If all possible universes exist, & if the idiosyncrasies of histories are reflected at Level I, & the far reaches of abstract mathematics at Level IV, one might well wonder whether there is a reflection, a similarity to be seen, between the set of the four Levels of multiverses & the outlines of the most general kinds of research -- science, mathematics, & intermediate fields. A similarity between multiverse "constellations" & the "city" of research. This would require at the least that researches collectively have developed to a point where their "natural" (unplanned, but persistent & making some kind of sense) outlines could be seen. And of course who knows what multiverse-theory will be like (if it persists at all) in even only a few years. So in a way this is a lark.

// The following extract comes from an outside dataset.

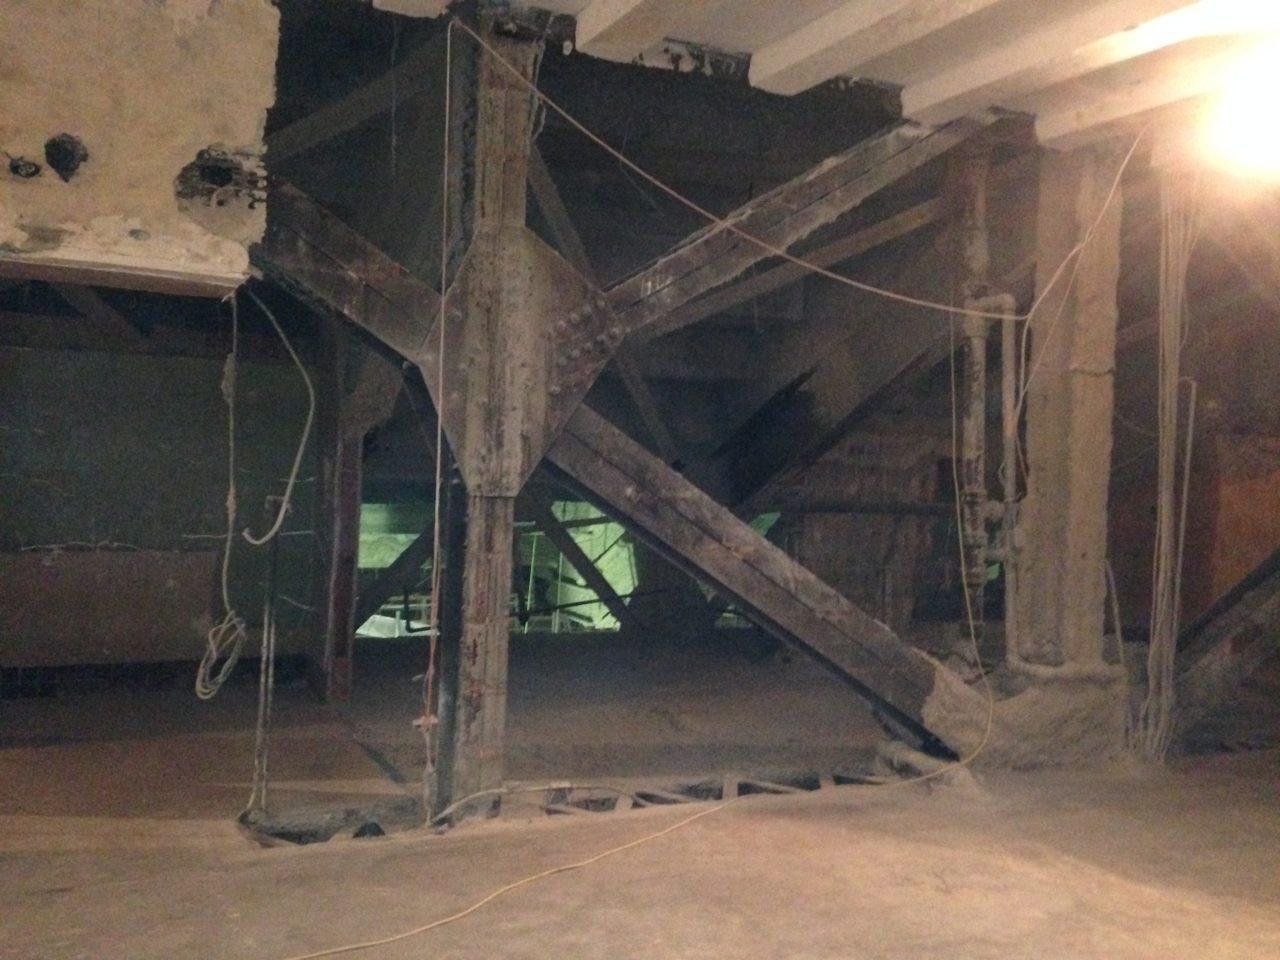 Steel support girders under balcony
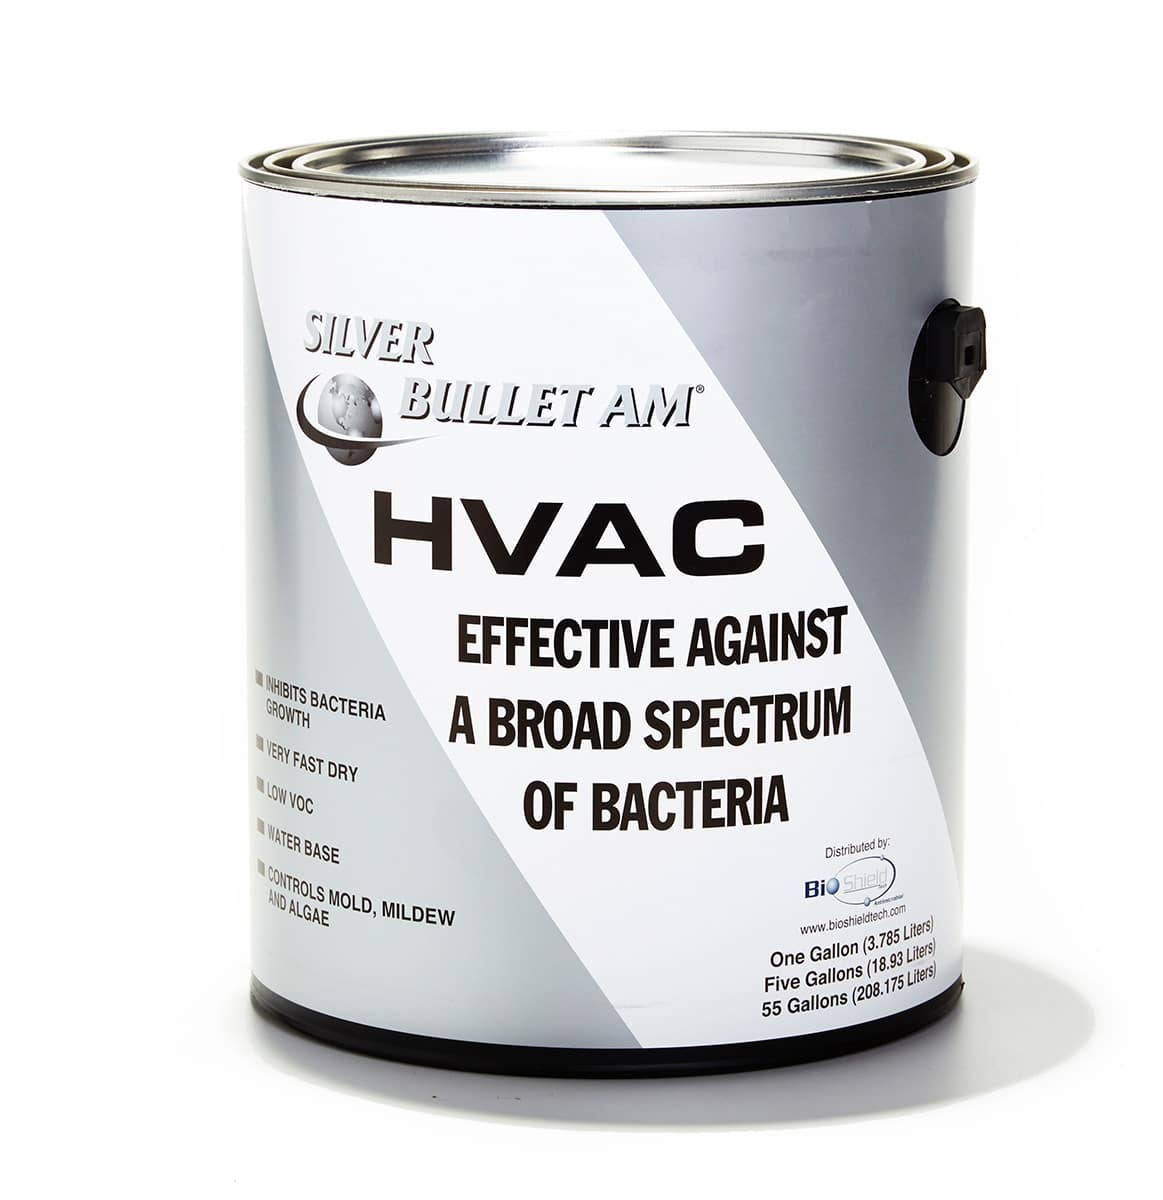 Silver Bullet AM™

I wanted to pursue the analogy, because it seemed to be roughly working for Levels I, II, & IV. Tegmark's III & my "III", if they do roughly match up, are less than obvious about it to me.

Tegmark's multiverse levels:
I. Different initial conditions, different histories.
II. Different constants.
III. Different quantum branches.
IV. Different mathematical laws.

Arrangement of areas of research:
I.. Empirical sciences/studies (from human/social studies to physics).
II. Mechanical/systems/process theoretical research with generalized applicability (e.g., philosophy itself?, cybernetics, statistical mechanics, complex (conditions-sensitive) mechanics).
III. Applied yet mathematically deep fields (math. theories of logic, info., probability, & perhaps some other mathematical theories of uncertainty, like possibility theory).
IV. Pure mathematics.

Actually I tend to put these fields of research in exactly the reverse order, it's become a habit. My habits are a unusual kind of subject, marked as they are by the fact that, about them, I actually know something.

Thank you for your patience, anybody who has read all this, & any responses will be appreciated.

Benjamin Udell,
Lifelong layperson who likes 4-chotomies, reads some philosophy, & enjoys articles on cosmology for the educated public.